Harbaugh hopes to change that.

Harbaugh said he is in the process of watching “every one” of Herbert’s NFL snaps.

“I’m waking up real early in the morning these days going, I got to bring it,” Harbaugh said. “I got to bring my A game in every sense of the word. And I want to get a coaching staff put together and hired that’s going to be worthy of coaching not only Justin but (safety) Derwin (James) and all the guys.

“I really think this is a talented group that’s been assembled here. That’s what’s going to motivate. That’s what’s going to drive.
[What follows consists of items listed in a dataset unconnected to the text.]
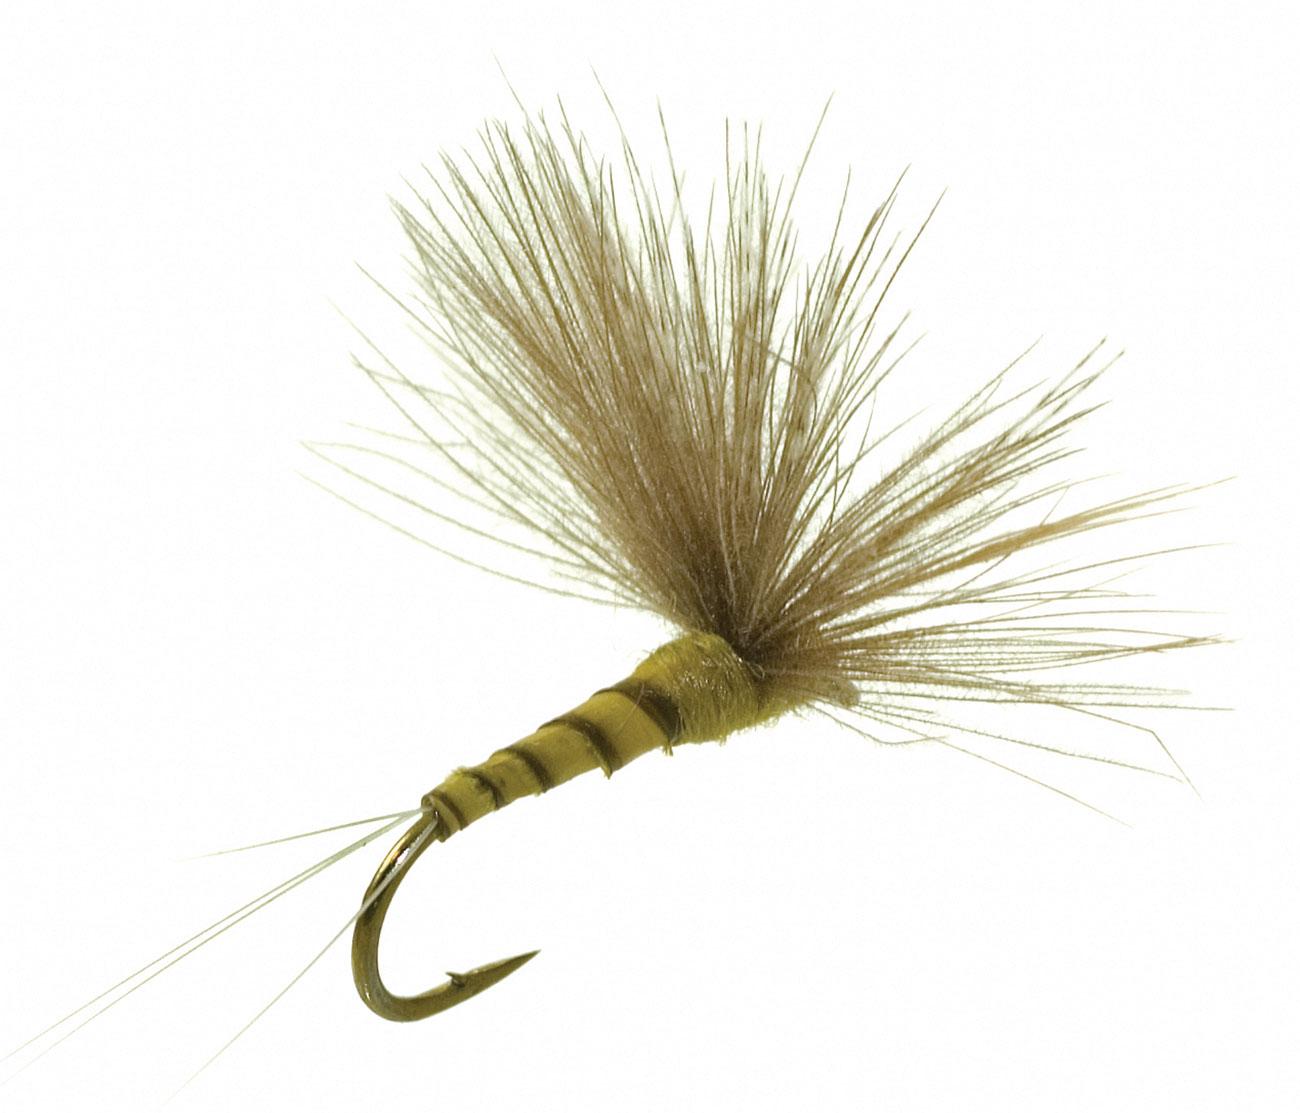 Umpqua CDC Biot Comparadun BWO Fly Fishing Dry Flies Multi-packs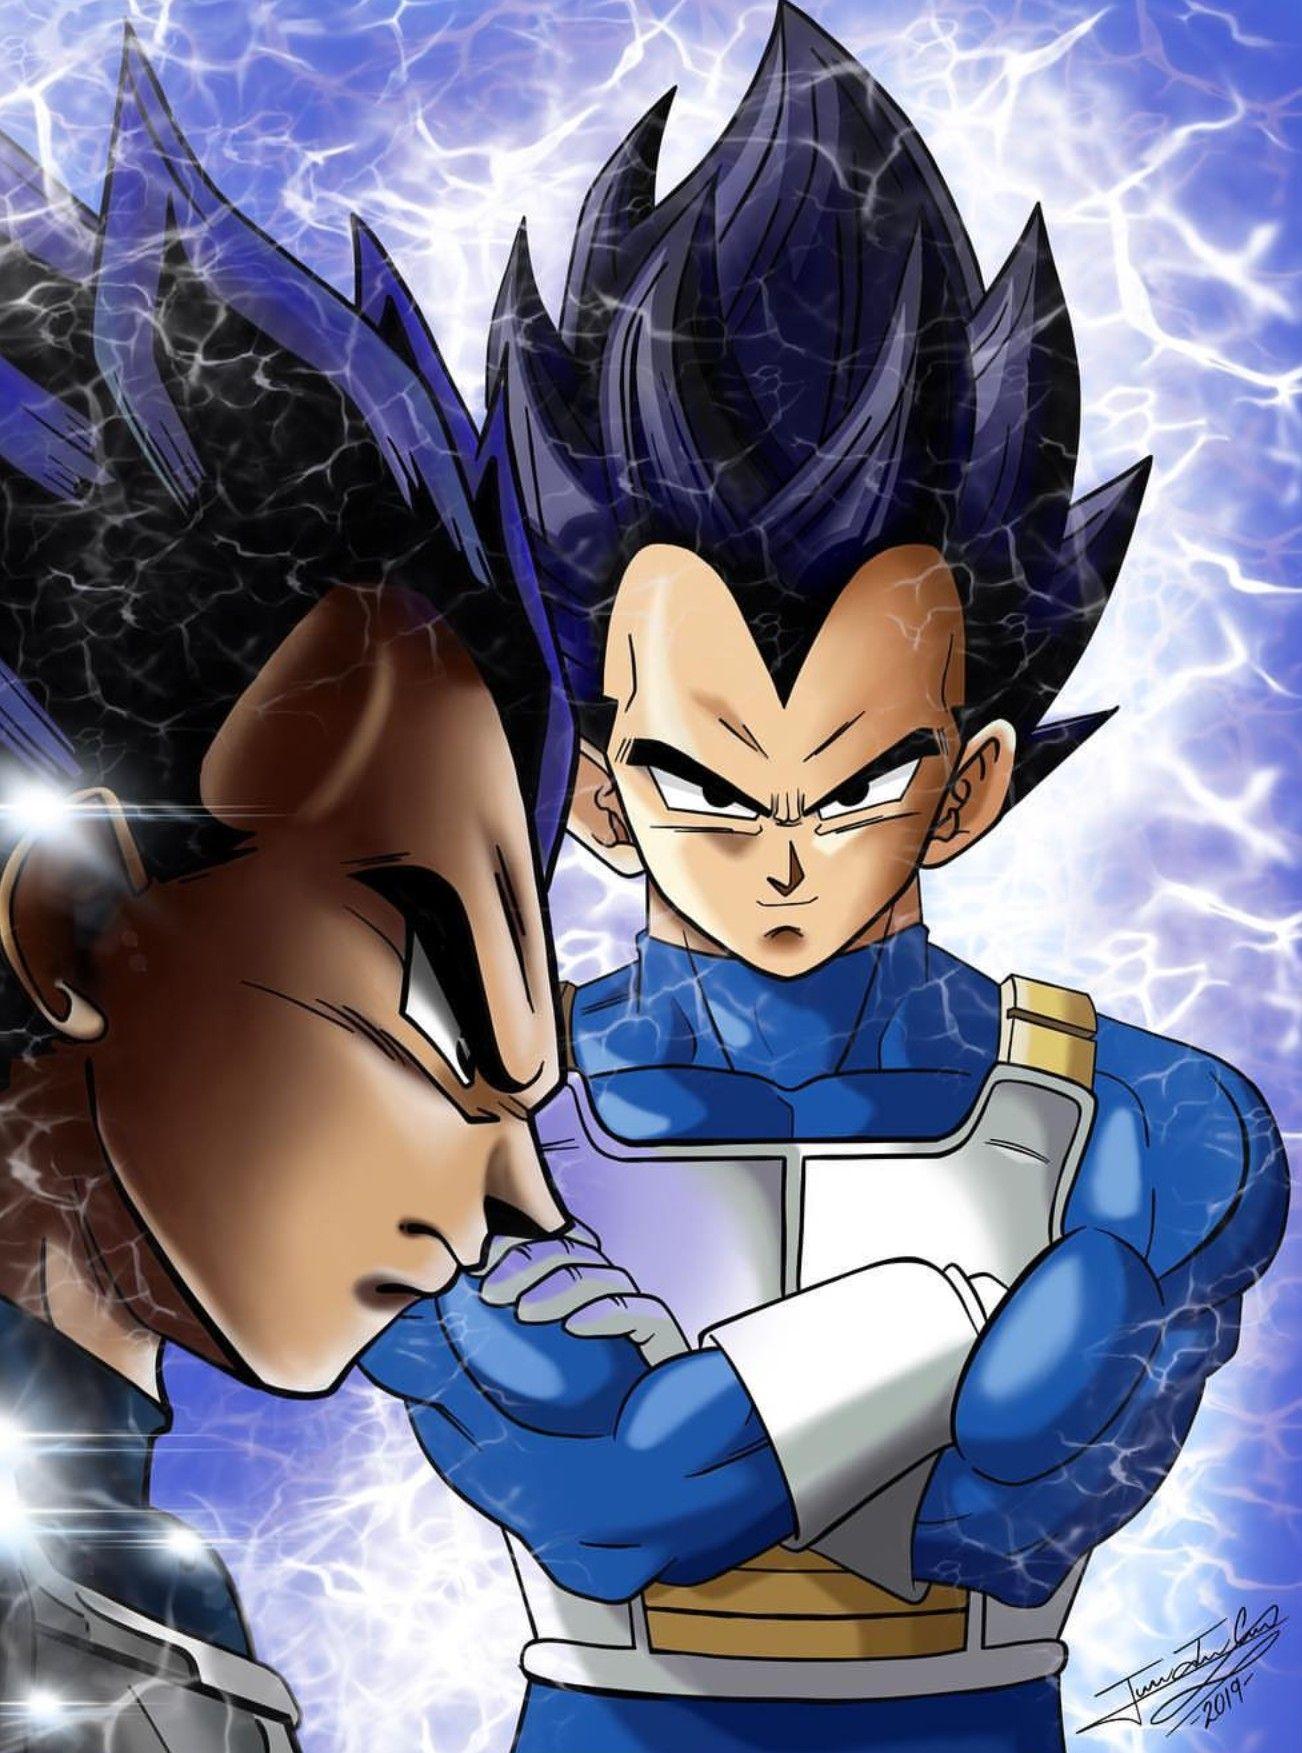 Dragon Ball Z Hashtags: Dragon Ball Z, Dragon Ball Gt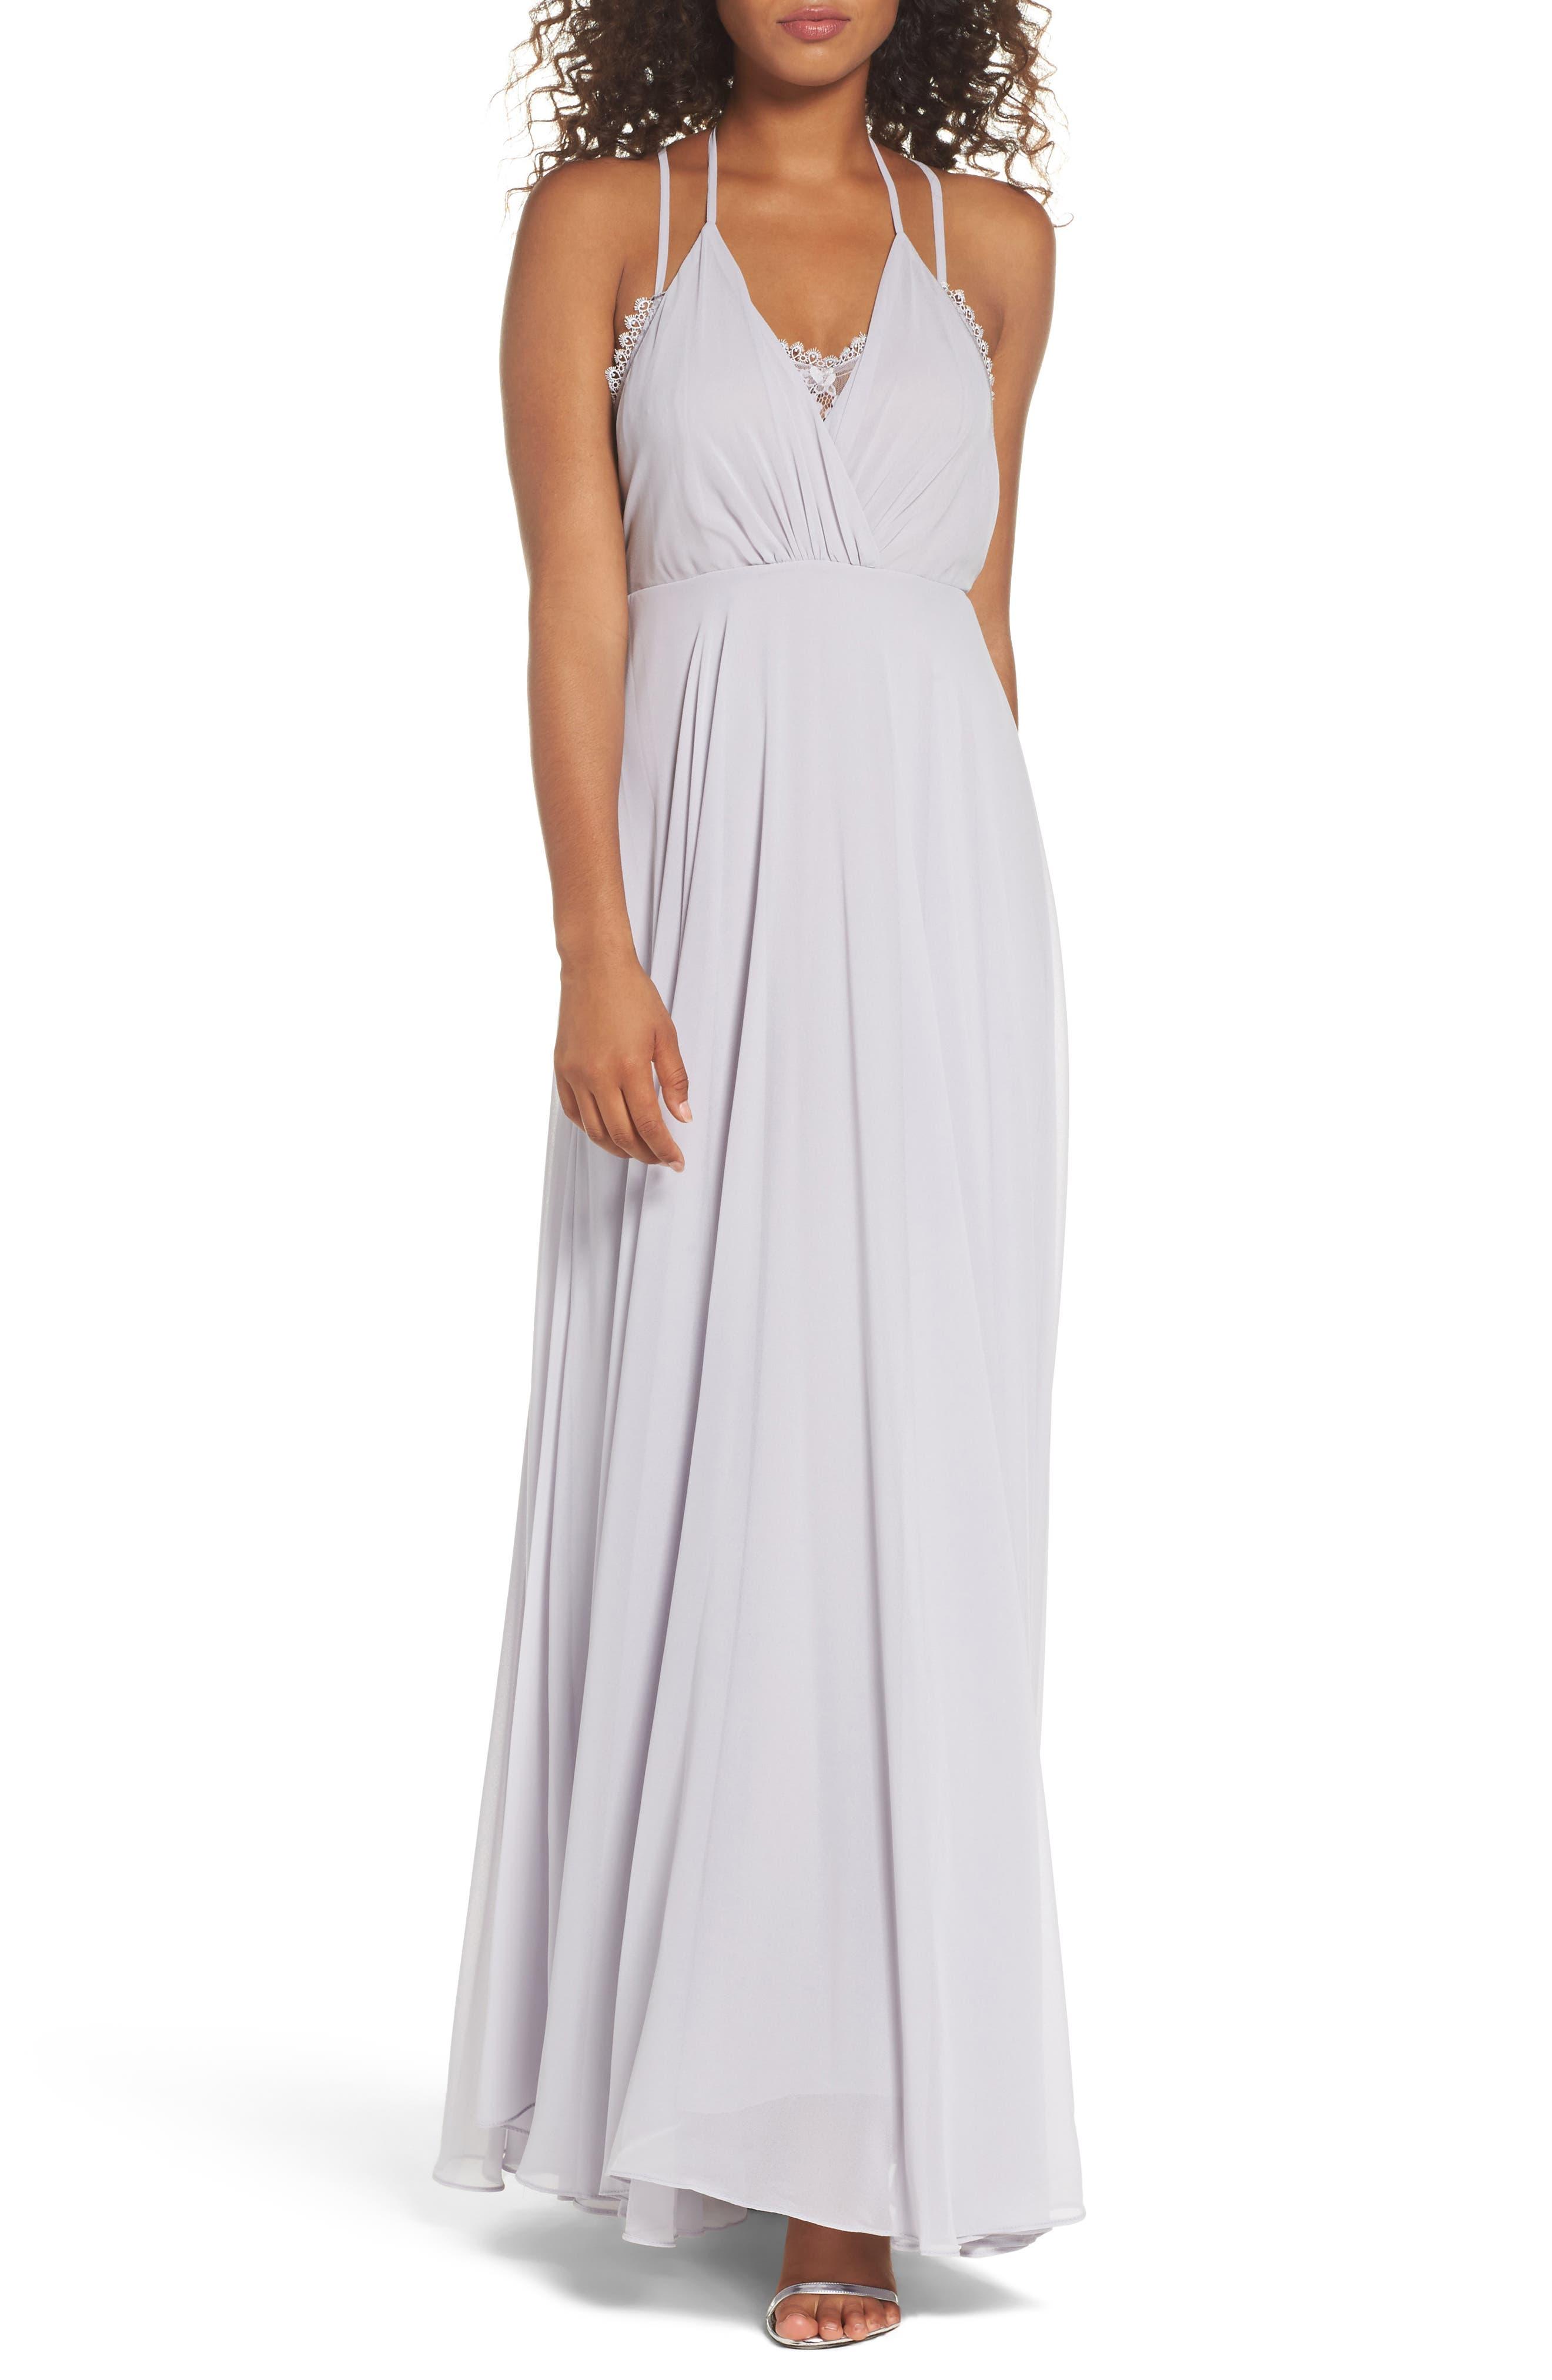 Alternate Image 1 Selected - Lulus Celebrate the Moment Lace Trim Chiffon Maxi Dress

So I’m really thinking about my accountability and just making sure that I’m ready and the things that I tell him are going to be exact because I’ve looked at it and watched it. But it’s going to a team effort all the way. I’m excited about the challenge. Let’s see if I’m man enough, a good enough coach so that all of his hard work can be realized. I want to work really hard so that his hard work is going to be realized — Justin and every player on our football team.”

Final notes

• Hortiz will meet with the media Tuesday for his introductory news conference. Both Dean and John Spanos stopped short of saying explicitly who, between Harbaugh and Hortiz, will have the final say over personnel. The only sure thing they revealed about the power structure is that both Harbaugh and Hortiz will report directly to John Spanos.

Said John Spanos: “The healthiest of healthy organizations have to have a collaborative process. And it’s OK to have a disagreement or a difference of opinion on a player, but you have to be able to work through that together. And if you’re ever in a situation where you’re having to kind of look up in the contract, well, who has final say here, you’ve got much bigger problems on your hands, and that’s not what we’re going to have. We’re going to have a collaborative effort.”

• Hortiz had worked with Jim’s brother John Harbaugh in Baltimore since 2008. That connection was crucial in Hortiz landing the GM job. Dean Spanos said Harbaugh had “some input” in the GM hire. Harbaugh had this to say on the connection: “Nobody I trust more than my brother, and when my brother says somebody is good and, ‘You and Joe are going to get along great and you’re going to be a great team,’ I know it’s going to be good and it’s going to be dynamic.”

• We’ll end with one of many Harbaughisms to come from this presser. He was discussing his mentality while he was playing in the NFL for the Chargers, in 1999-2000: “I’m going to play as long as I can, then coach, then die.”